- _WHAT IS REQUIRED_: The reply should match the listing below character for character, except that no image is carried over.

- _SOURCE MATERIAL_:
**********

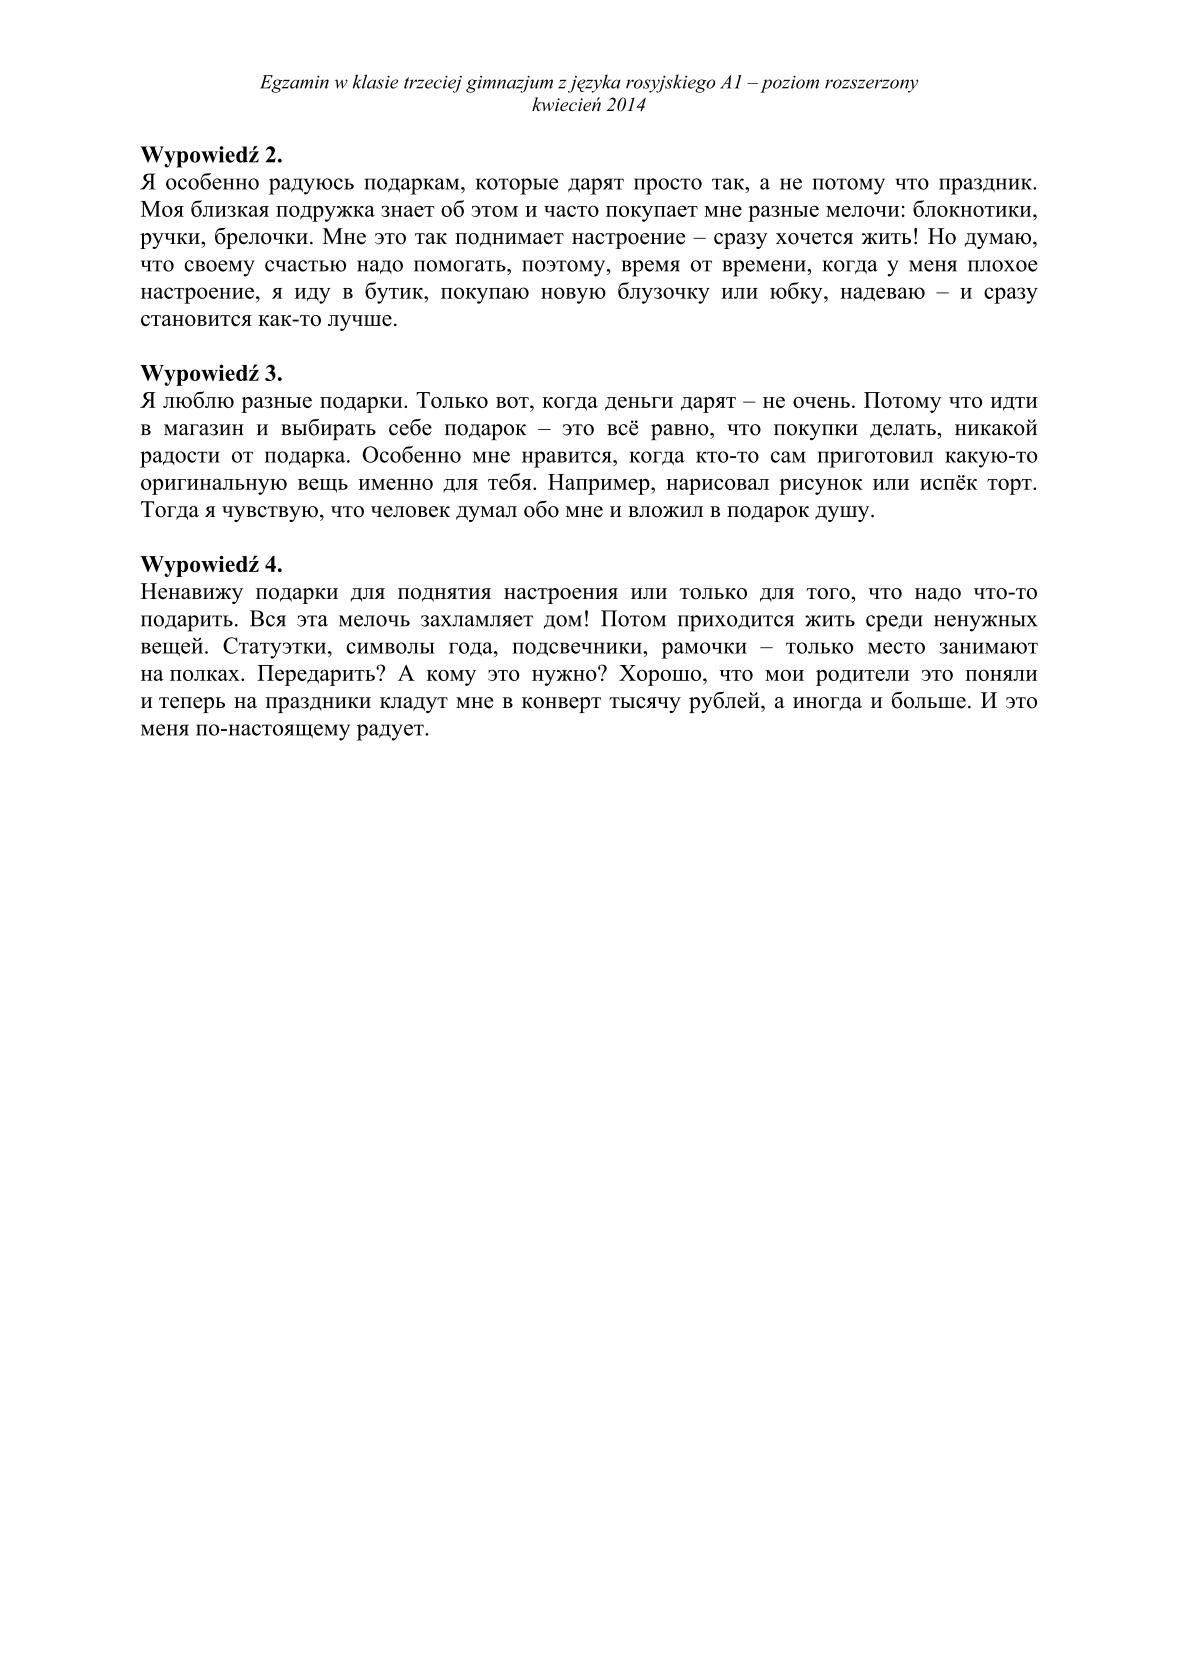 transkrypcja-rosyjski-poziom-rozszerzony-egzamin-gimnazjalny-25.04.2014-14
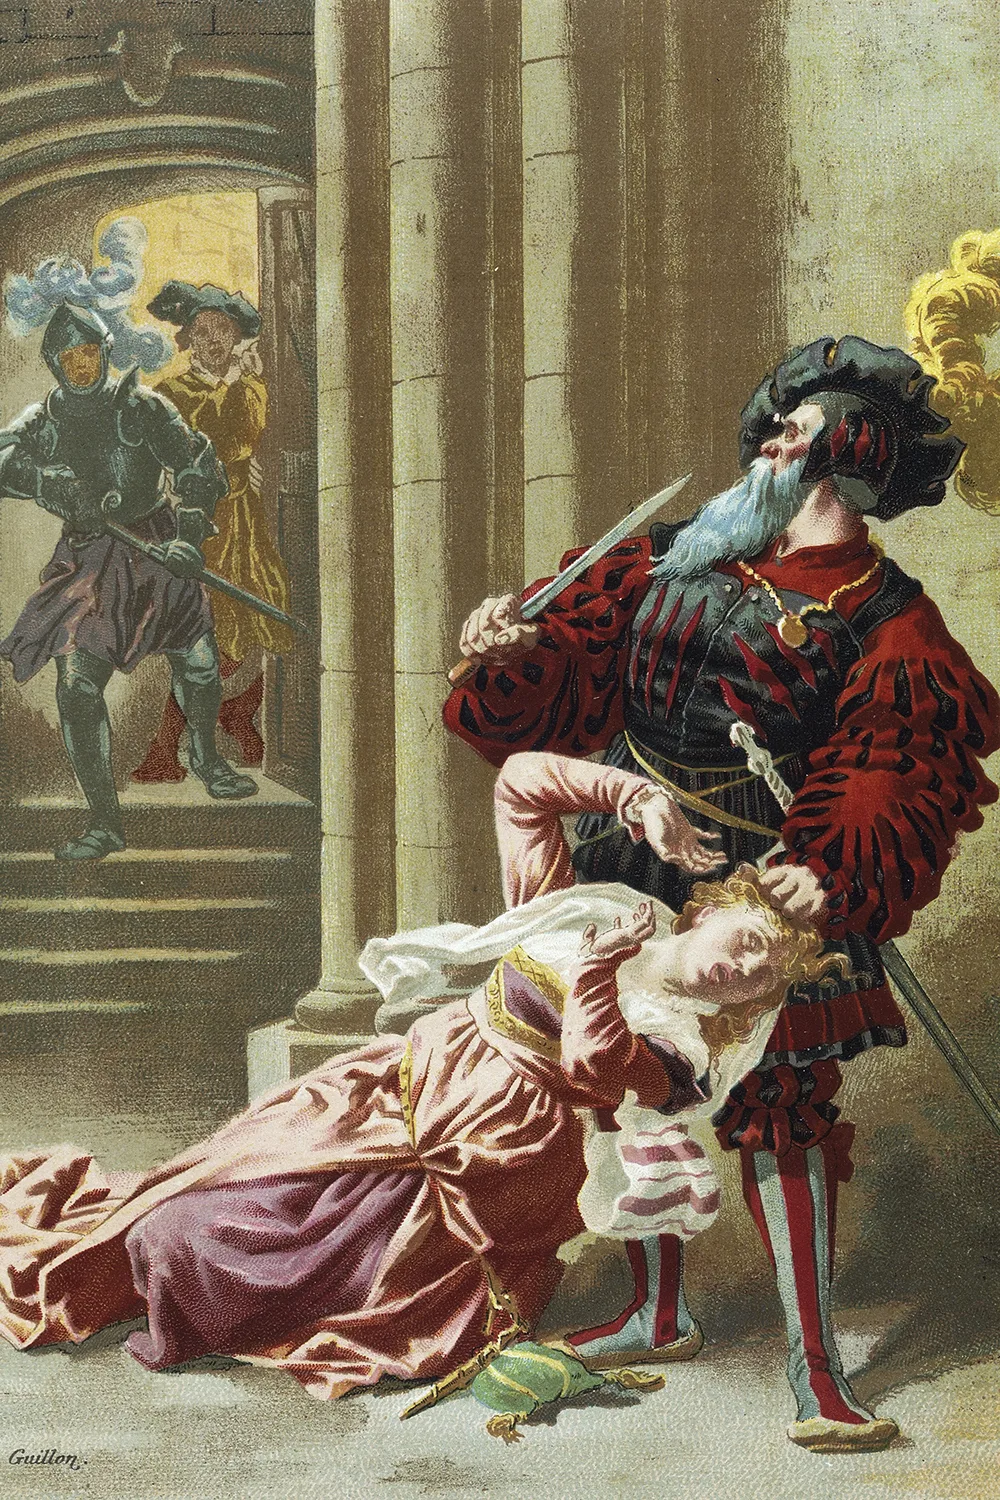 لوحة "بلوبيرد" للرسام غيون لطبعة من روايات تشارلز بيرو نُشرت في باريس في أواخر القرن التاسع عشر.
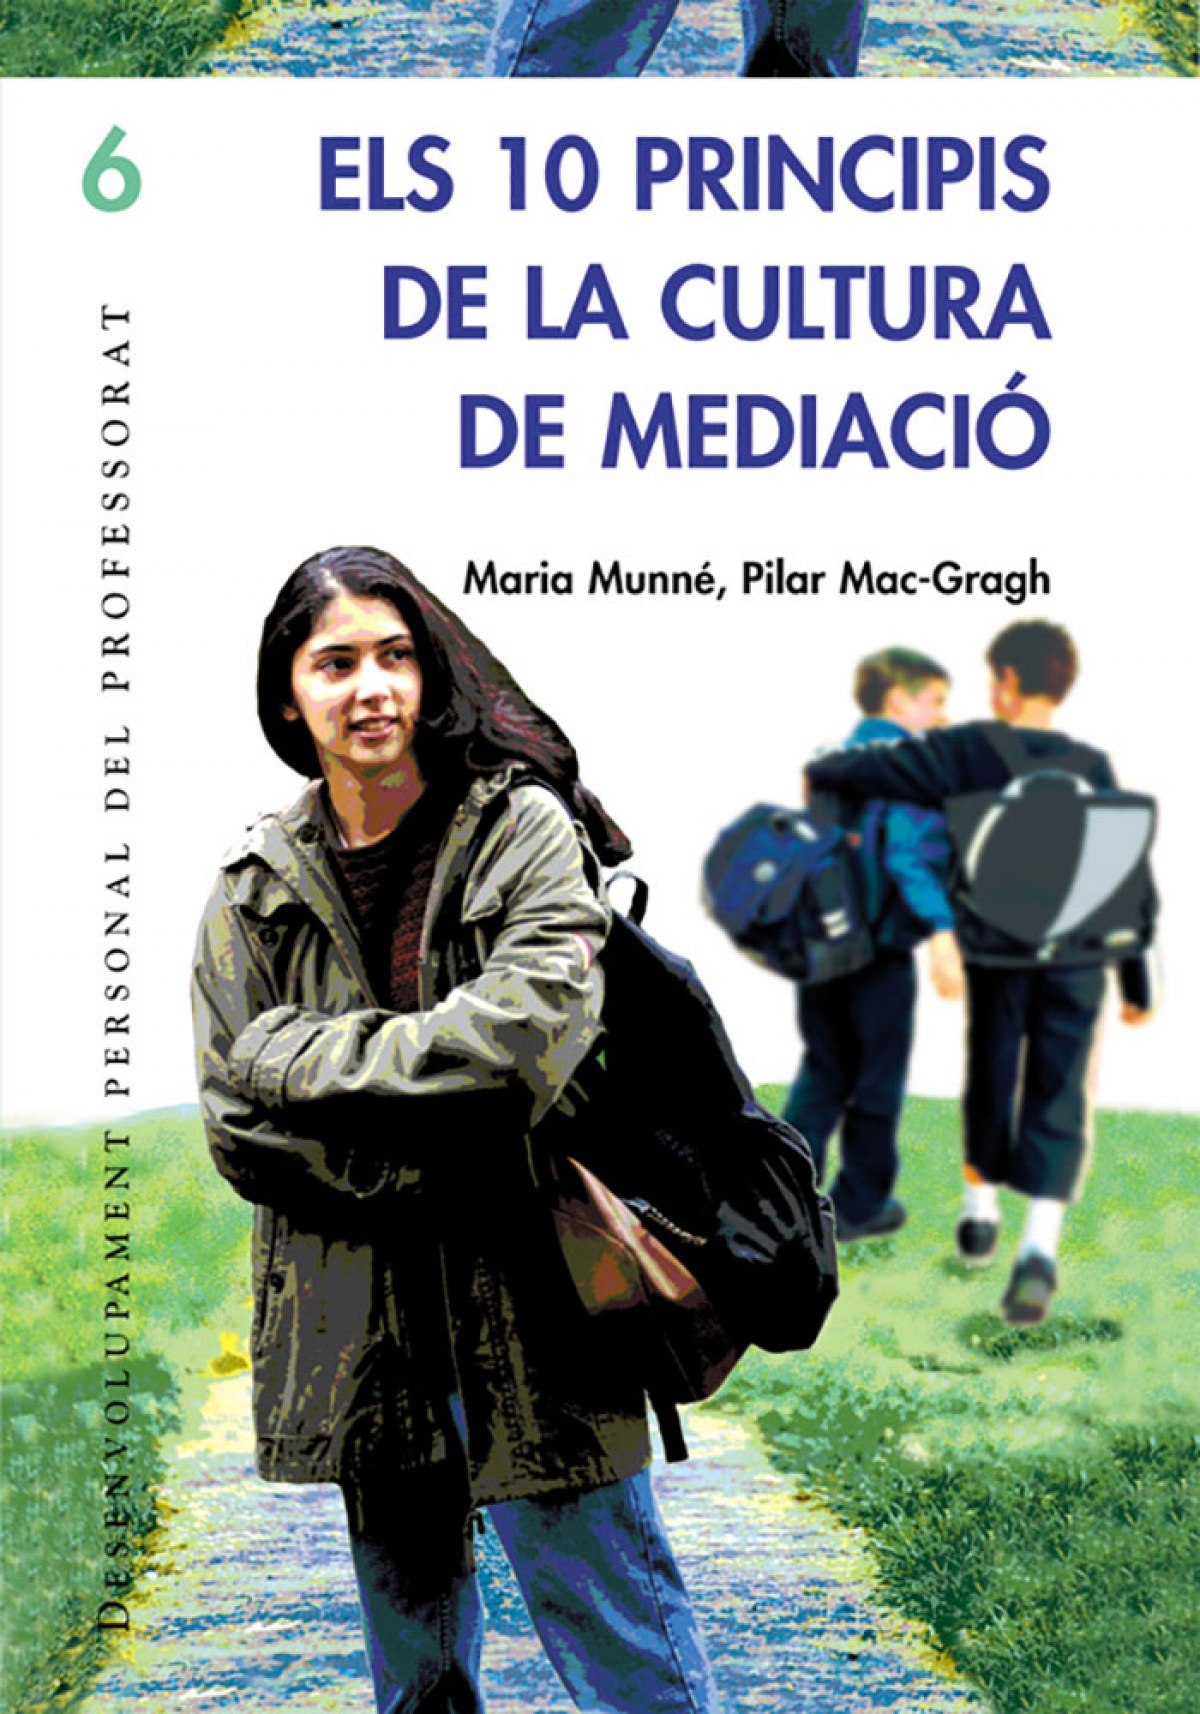 Els 10 principis de la cultura de mediacio - Munne, Maria/Mac-cragh, Pilar

**********

- _TASK OUTPUT_:
 transkrypcja-rosyjski-poziom-rozszerzony-egzamin-gimnazjalny-25.04.2014-14
 لوحة "بلوبيرد" للرسام غيون لطبعة من روايات تشارلز بيرو نُشرت في باريس في أواخر القرن التاسع عشر.
 Els 10 principis de la cultura de mediacio - Munne, Maria/Mac-cragh, Pilar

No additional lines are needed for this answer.